**Task to carry out:**
Retype, without changes or pictures, only the lines that begin at the one containing "Staats- und verwaltungsrechtliche" and end at the last line of the records that follow.

☆ ☆ ☆ ☆

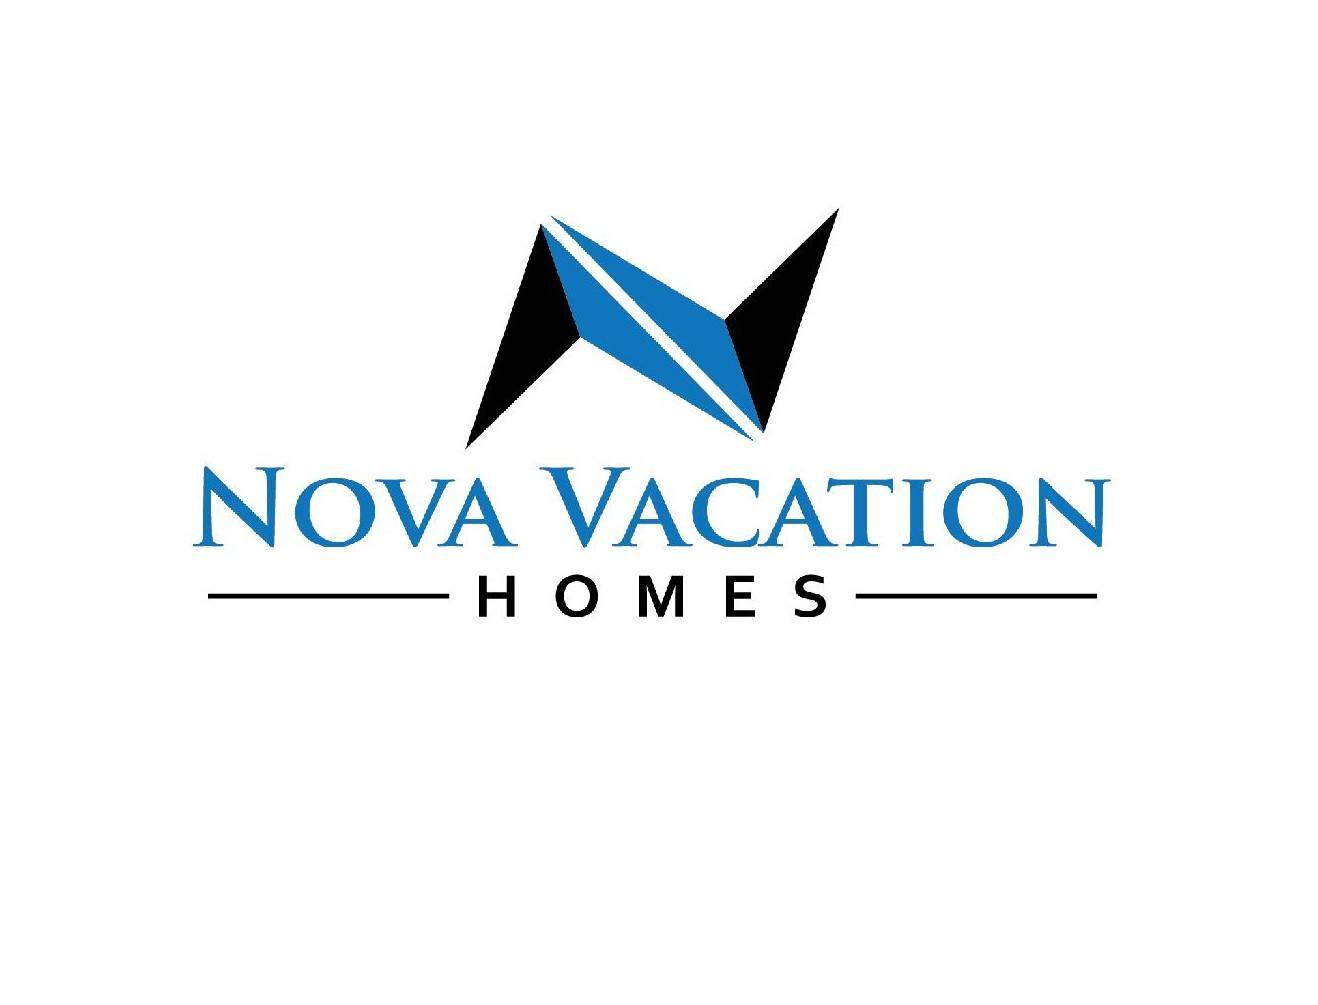 Nova Vacation Homes
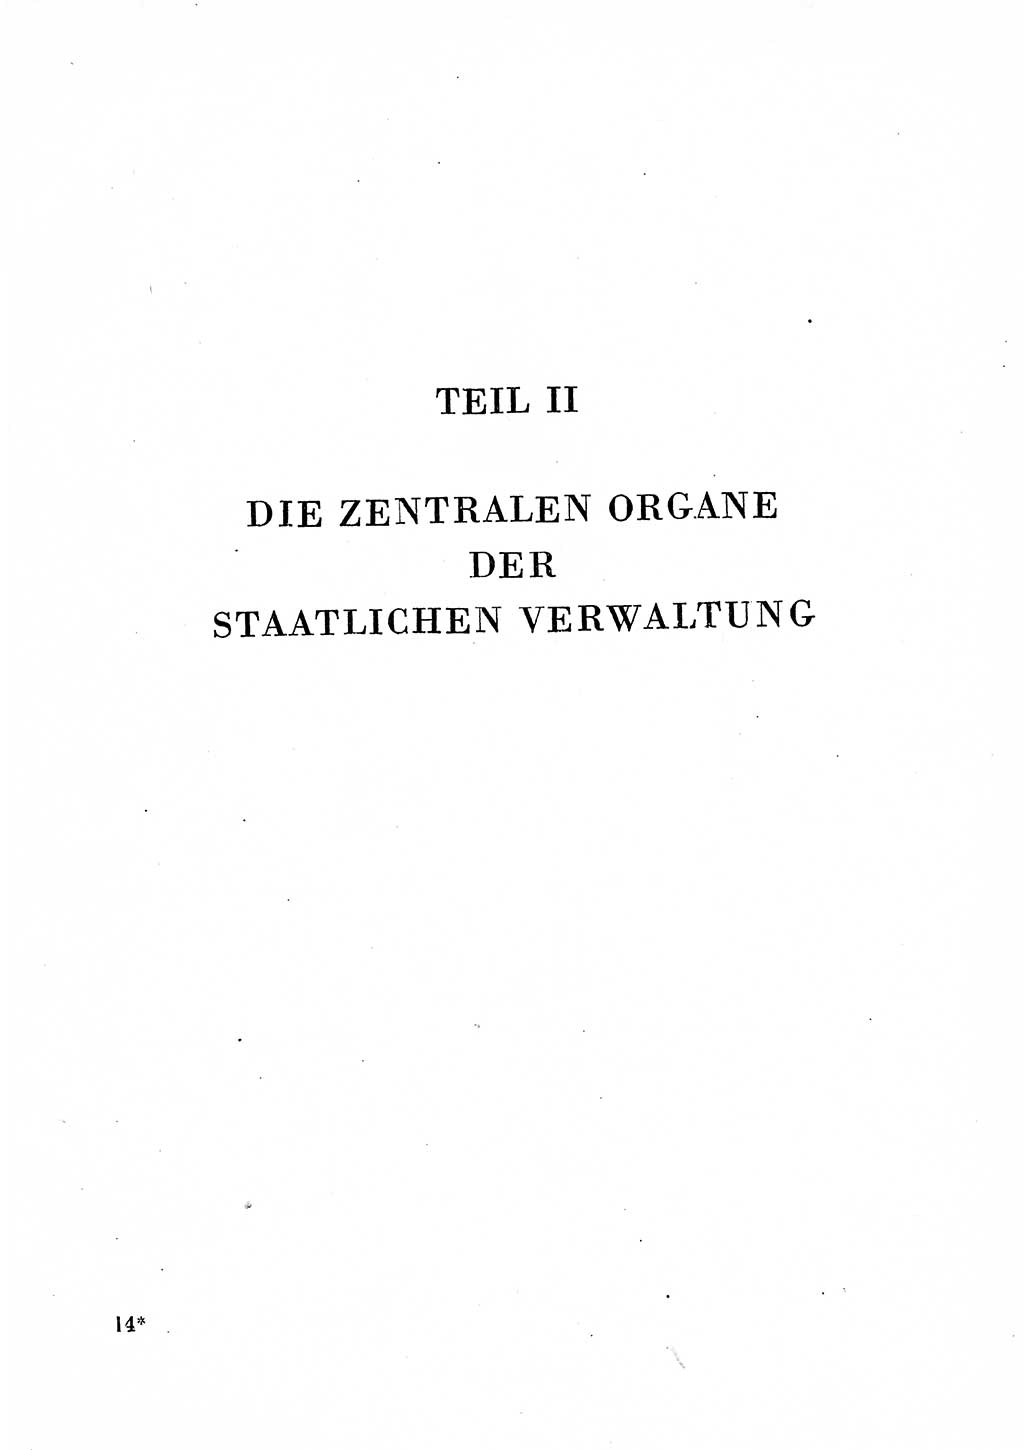 Staats- und verwaltungsrechtliche Gesetze der Deutschen Demokratischen Republik (DDR) 1958, Seite 211 (StVerwR Ges. DDR 1958, S. 211)
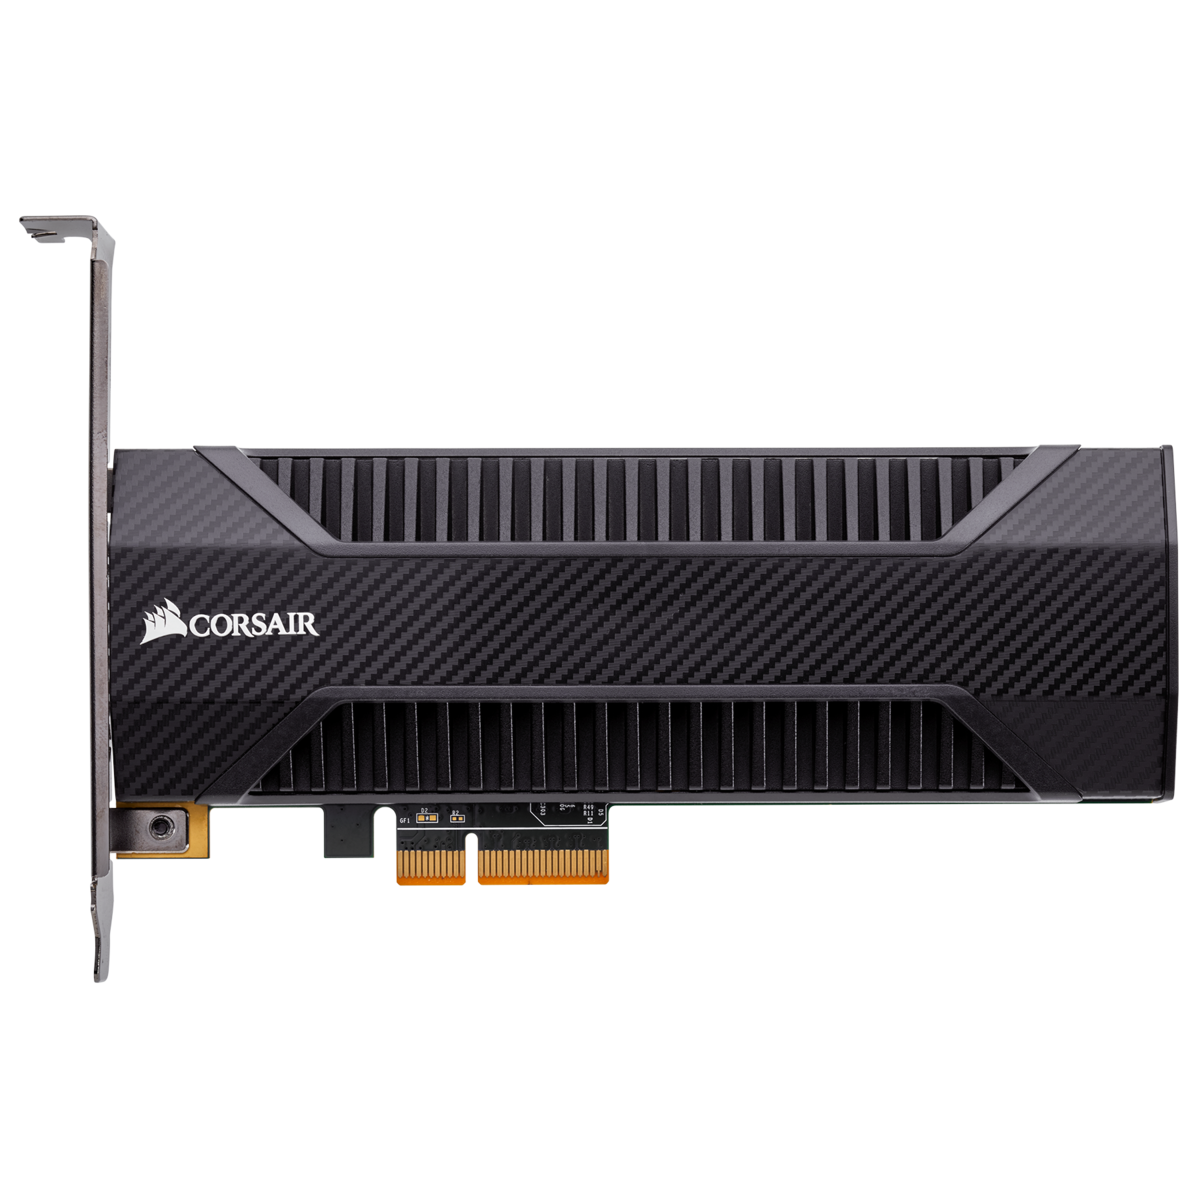 CORSAIR Neutron Series NX500 800GB NVMe PCIe AIC 固態硬碟
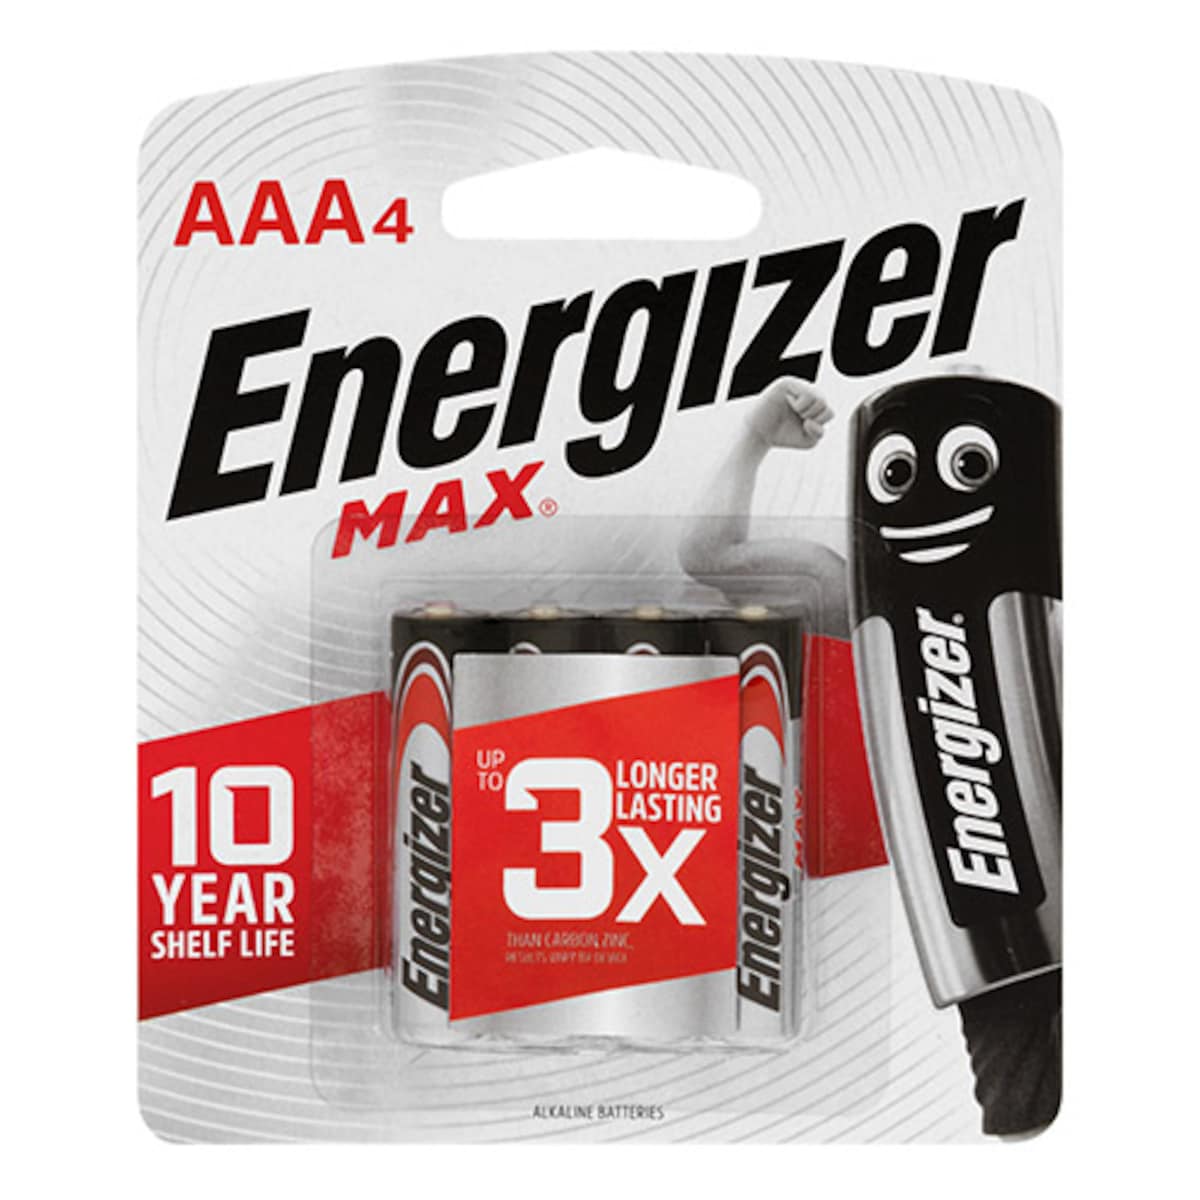 ENERGIZER AAA 4+2-E92 MAX
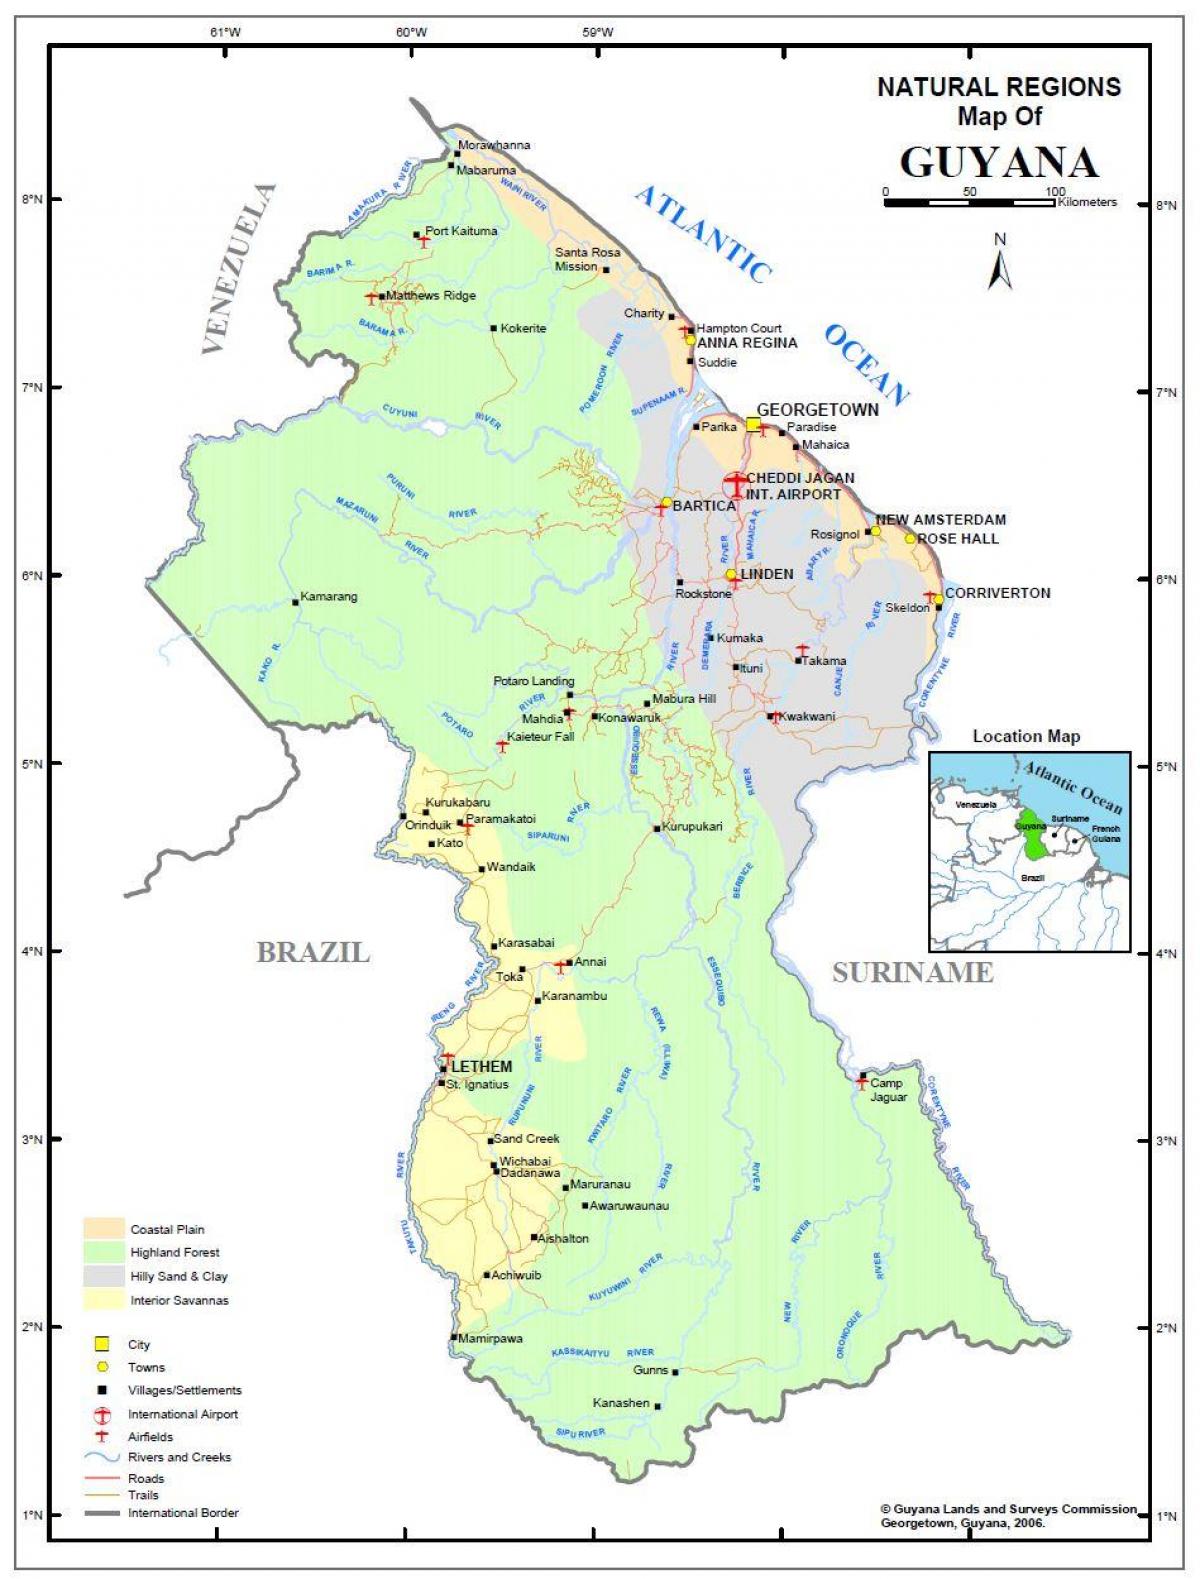 térkép Guyana mutatja, hogy a 4 természetes régiók

☆ ☆ ☆ ☆

**Worked solution:**
 Staats- und verwaltungsrechtliche Gesetze der Deutschen Demokratischen Republik (DDR) 1958, Seite 211 (StVerwR Ges. DDR 1958, S. 211)
 CORSAIR Neutron Series NX500 800GB NVMe PCIe AIC 固態硬碟
 ENERGIZER AAA 4+2-E92 MAX
 térkép Guyana mutatja, hogy a 4 természetes régiók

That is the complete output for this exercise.